Rada-Mayya Kostadinova, Gabriela Sikorska, Michelle Naidoo and Abel E Navarro*
Science Department, Borough of Manhattan Community College, City University of New York, NY, USA
Corresponding Author : Abel E Navarro
Science Department, Borough of Manhattan Community College
City University of New York, NY, USA
Tel: +001-212-220-8000
Fax: +212-748-8929
E-mail: [email protected]
Received June 30, 2014; Accepted September 08, 2014; Published September 10, 2014
Citation: Kostadinova RM, Sikorska G, Naidoo M, Navarro AE (2014) Acid-Base Properties of the Adsorption of Synthetic Dyes from Solutions. J Environ Anal Toxicol 4:240. doi: 10.4172/2161-0525.1000240
Copyright: © 2014 Kostadinova RM, et al. This is an open-access article distributed under the terms of the Creative Commons Attribution License, which permits unrestricted use, distribution, and reproduction in any medium, provided the original author and source are credited.
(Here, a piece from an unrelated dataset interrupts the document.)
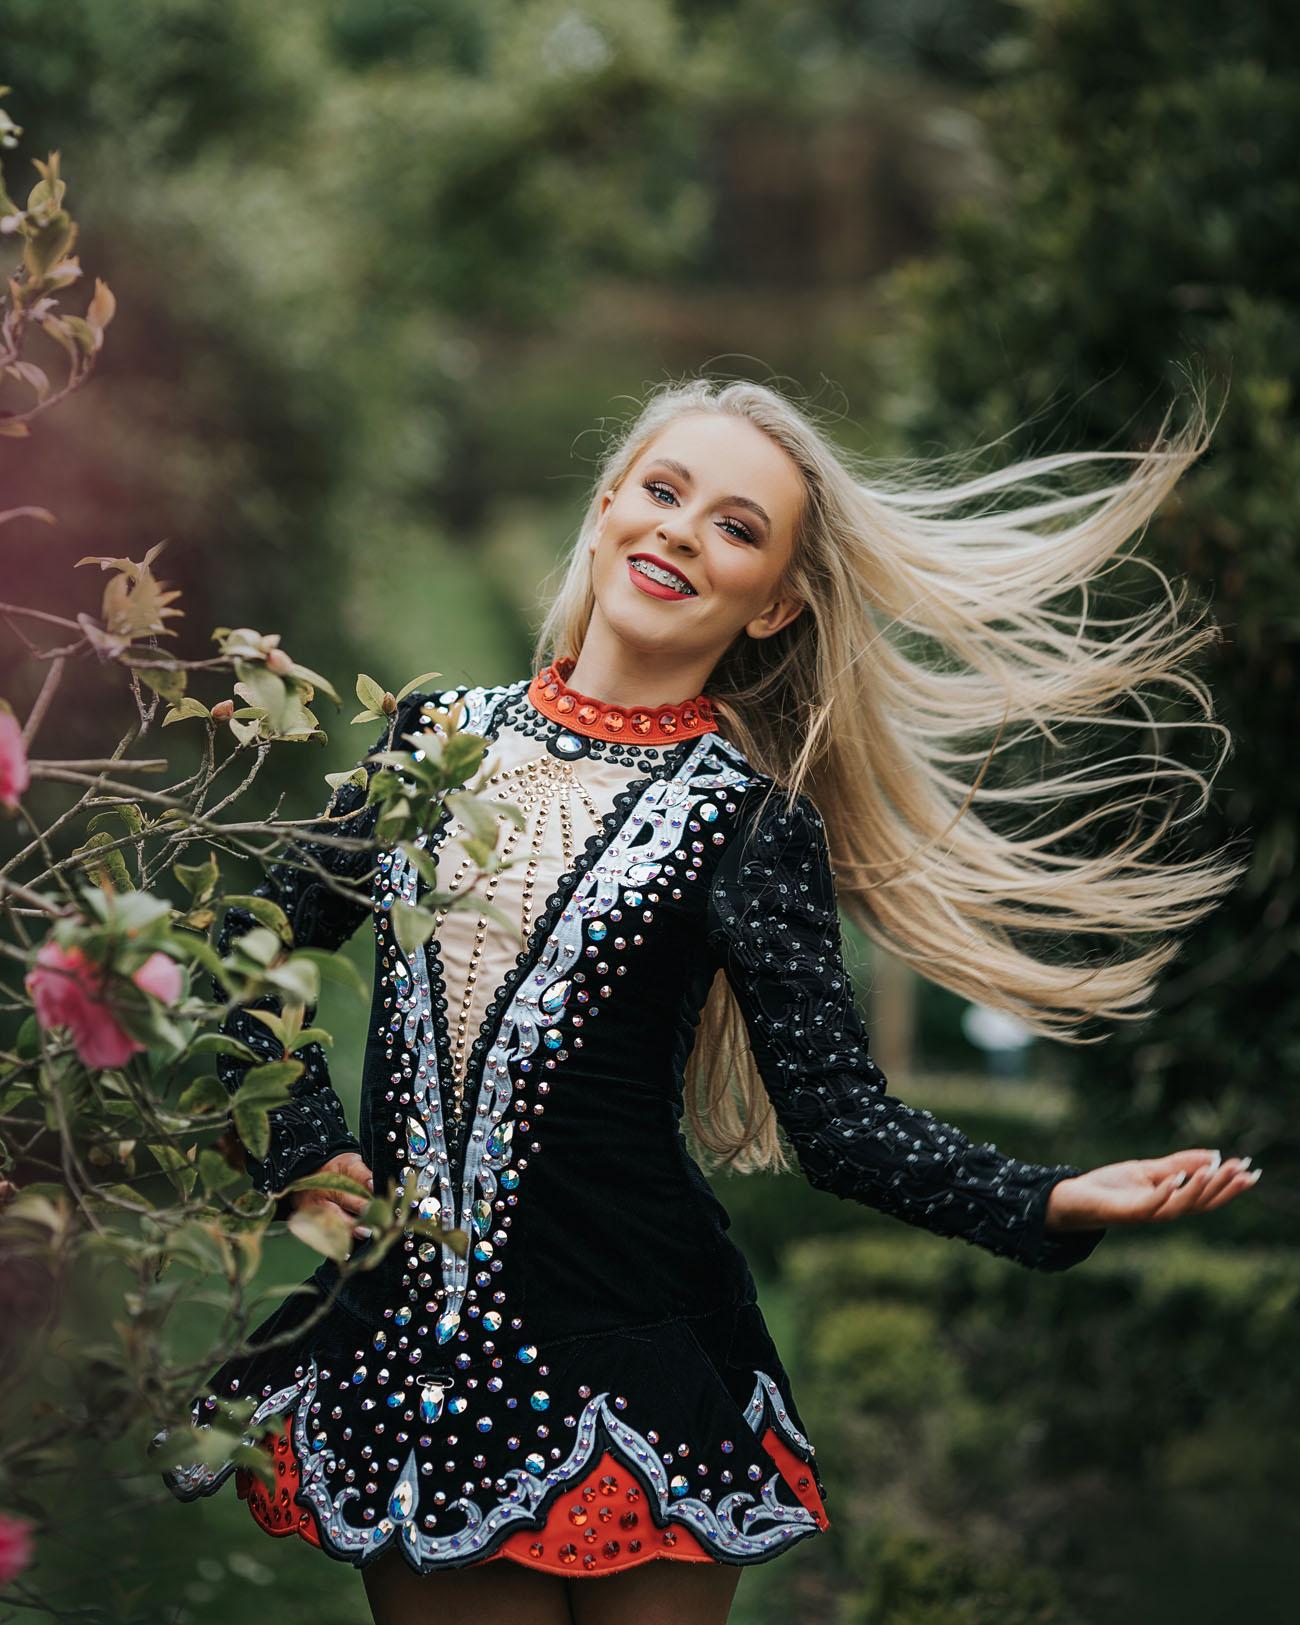 irish-dance-portrait-photographer-dublin-ireland-0056.jpg

The presence of synthetic dyes is often underestimated in environmental protection. However, it has been demonstrated the impact of colored compounds in ecology and human health. Green tea (GT) and peppermint (PM) tea bag wastes were used as potential adsorbents of dyes from aqueous solutions to evaluate the effect of pH on the adsorption. Basic yellow 57, basic blue 99 and crystal violet were chosen as model dyes due to their widespread use in the industry. Dye solutions at different pH values were placed in contact with the adsorbents in batch experiments at room temperature. Results indicate that crystal violet is totally removed from the solution by the adsorbents (100% removal), followed basic blue 99 and basic yellow. PM reports the highest dye removal. Our data was compared to recently published reports, indicating their potential applicability to real wastewaters, as it is optimum at neutral pH values. These results demonstrate that these materials are excellent and cost-effective candidates for the removal of dye pollutants from contaminated solutions.